Published July 23, 2013
Talk about the ultimate buzzkill.
A new study has found that resveratrol, a natural antioxidant found in red grapes, may actually undo the benefits of cardiovascular exercise in older men, Medical News Today reported.
Red wine is often considered to be beneficial for the heart due to the presence of resveratrol, and many drug companies have manufactured the antioxidant into supplements, touting its cardiovascular benefits.
Researchers from the University of Copenhagen followed 27 men with an average age of 65 who were in good health.

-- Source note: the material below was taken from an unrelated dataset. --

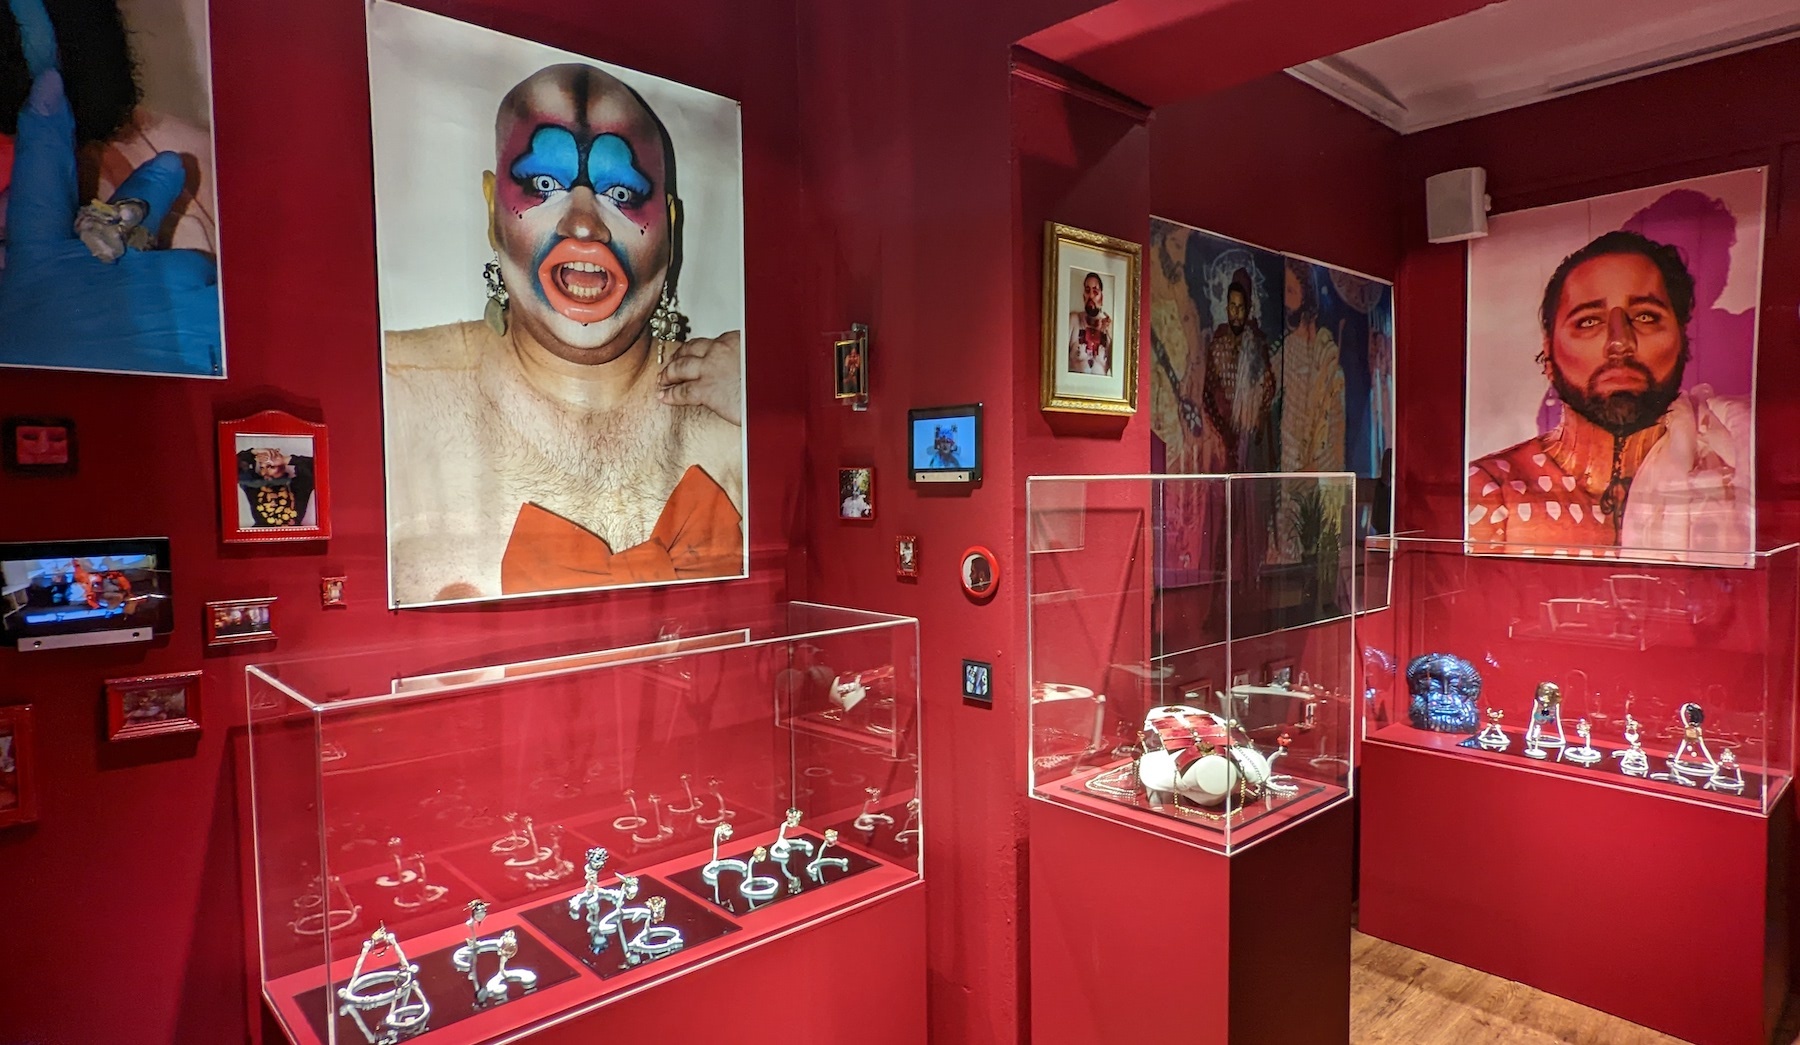 A room with deep red walls is filled with small and large photographs, screens and perspex vitrines holding extravagant jewellery

Over an eight-week period, all of the study’s participants performed high-intensity exercises, but half received 250 milligrams of resveratrol each day, while the other half received a placebo.
For the men taking resveratrol supplements, it seemed as though the benefits they received from exercising had been reduced.
"We found that exercise training was highly effective in improving cardiovascular health parameters, but resveratrol supplementation attenuated the positive effects of training on several parameters, including blood pressure, plasma lipid concentrations and maximal oxygen uptake," said Lasse Gliemann, a researcher who worked on the study.
According to Medical News Today, previous animal studies have shown that resveratrol helps to decrease vascular disease and improve cardiovascular health, so the researchers had initially expected the supplement to improve cardiovascular functions in older men. However, the study revealed that the antioxidant may perform differently in humans than in their animal counterparts.
The University of Copenhagen research suggests that too many antioxidants may actually be harmful to health and that "reactive oxygen species, generally thought of as causing aging and disease, may be a necessary signal that causes healthy adaptions in response to stresses like exercise."